Wednesday, April 21, 2010

Grass Is Greener

Wrote this the Wednesday night of my departure from Etown and it's taken this long for Blogger to stop being a giant bag of douche:

I cried again when I left. It was harder than the first time when I still held the belief that I would be back in just a few short months. It was so much harder to say goodbye while thinking of how I had no idea if I could ever come back. I don’t just mean for a visit, either. Visits just aren’t good enough. They aren’t good enough for me and they aren’t good enough for these people I’ve grown to call my “other family.” It feels wrong to just visit them. Like I’m just teasing. Like I’m not serious about it. Like I don’t think, at least once a day, how much I would do anything to go back and stay.
I wish I was exaggerating. I wish it wasn’t a constant longing. I wish I didn’t have to wake up every morning and realize that I’m in a bedroom, alone, in my parents’ house on the other side of the country from the room I should be in.

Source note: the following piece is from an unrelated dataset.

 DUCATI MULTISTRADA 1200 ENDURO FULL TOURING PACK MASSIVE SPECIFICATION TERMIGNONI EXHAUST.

The room that I shared with Elisabeth, that served as my home for a year, that contained so many memories and so much love and laughter. That is the room I should be in when I wake up every day. But it’s not.

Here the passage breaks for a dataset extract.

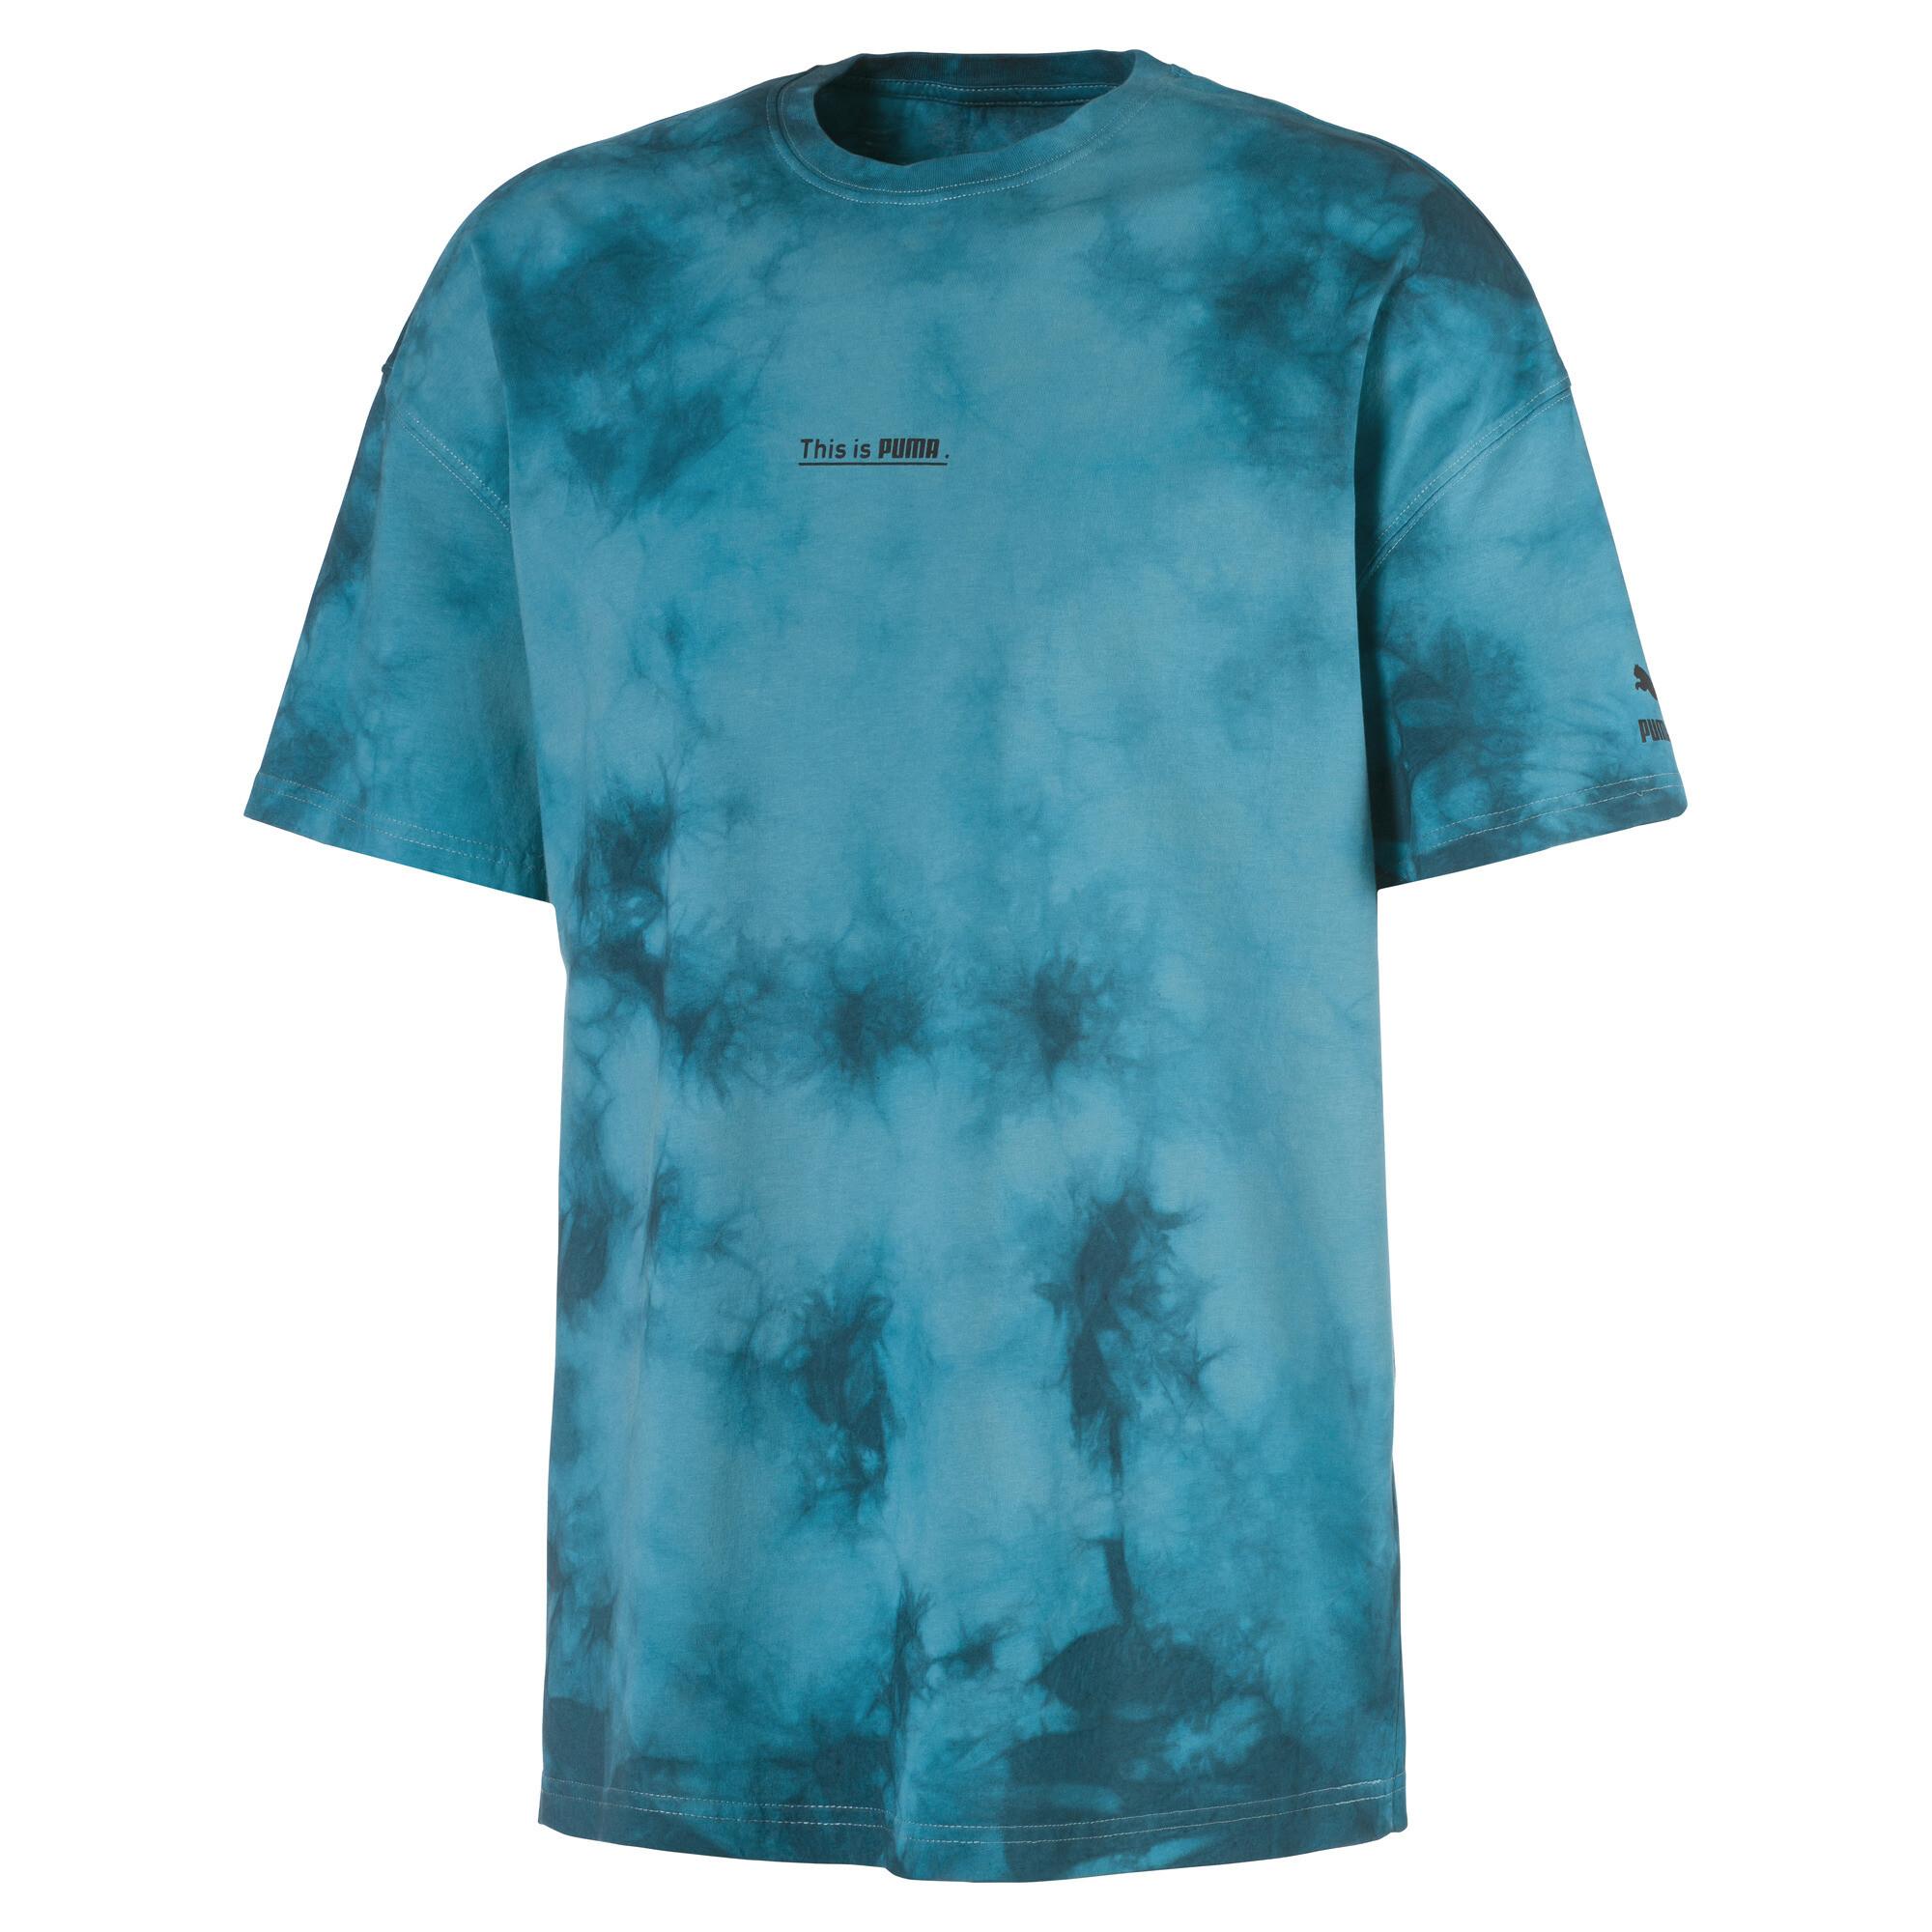 PUMA-Boxy-Herren-T-Shirt-Maenner-T-Shirt-Neu Indexbild 4

And what’s holding me back? What on earth could keep me from the one place where I really, truly belong? It’s the same thing we all hear in news on a daily basis. If only we all had a little more money, everything would be better.

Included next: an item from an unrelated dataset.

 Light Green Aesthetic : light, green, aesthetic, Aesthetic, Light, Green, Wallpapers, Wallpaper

“The love of money is the root of all evil.” I’ve known this since I was old enough to sit and pay attention in Sunday school. I won’t lie, I love money. I love having it. Having money means freedom. I can buy whatever I want, go wherever I want, see whatever I want. Absolute freedom. Freedom comes with a cost, and it’s the everyday currency. It’s not lives or wars or peace treaties. When it all comes down to it, it’s money. Money, money, money. And let me tell you, if I had $50,000, there’s only one place I would be.
People ask me all the time how I ended up there. How could a girl, born and raised in San Diego, California, a city girl, choose to live in a place that is literally in the middle of nowhere, surrounded by dairy farms and the occasional McDonalds? When people ask me this it’s because they don’t get it. I mean, they ask me because they think it’s ridiculous. San Diego has near-perfect climate, four beaches within a thirty-mile radius, beautiful scenery and sunshine 52 weeks of the year. They honestly don’t get it.
They don’t get that San Diego is always the same. That the people are always the same, narrow-minded, judgmental people. That the streets are always the same. That the idiots are always the same. Don’t they get it? Don’t they understand what it’s like to be bored? Don’t they understand that the novelty of going to the same places and seeing all the same faces and driving all the same streets all the time wears off and becomes…boring? They may think cow towns are boring, but I have to disagree. Sure, you may have to drive a little further to find a mall or a good restaurant or a Wawa, but adventures happen on the way there. Yeah, you might get snowed in once or twice a year, but who doesn’t enjoy a little time off from studying to go play in the snow?
My point is, people may think San Diego is exciting, but I think having different adventures every day, on the road, in the dorms, around the town…all that is way more exciting. It requires imagination, patience and good humor. It requires people who are all vastly different, yet all equally good.
So is it really a ridiculous concept? Do you really need to ask me why I’m so desperate to come back?
I think the answer is fairly obvious. I suppose the grass may look greener on the other side, but, honey, I’ve been on both sides of the fence and I can tell you for certain that the grass is greener in Elizabethtown.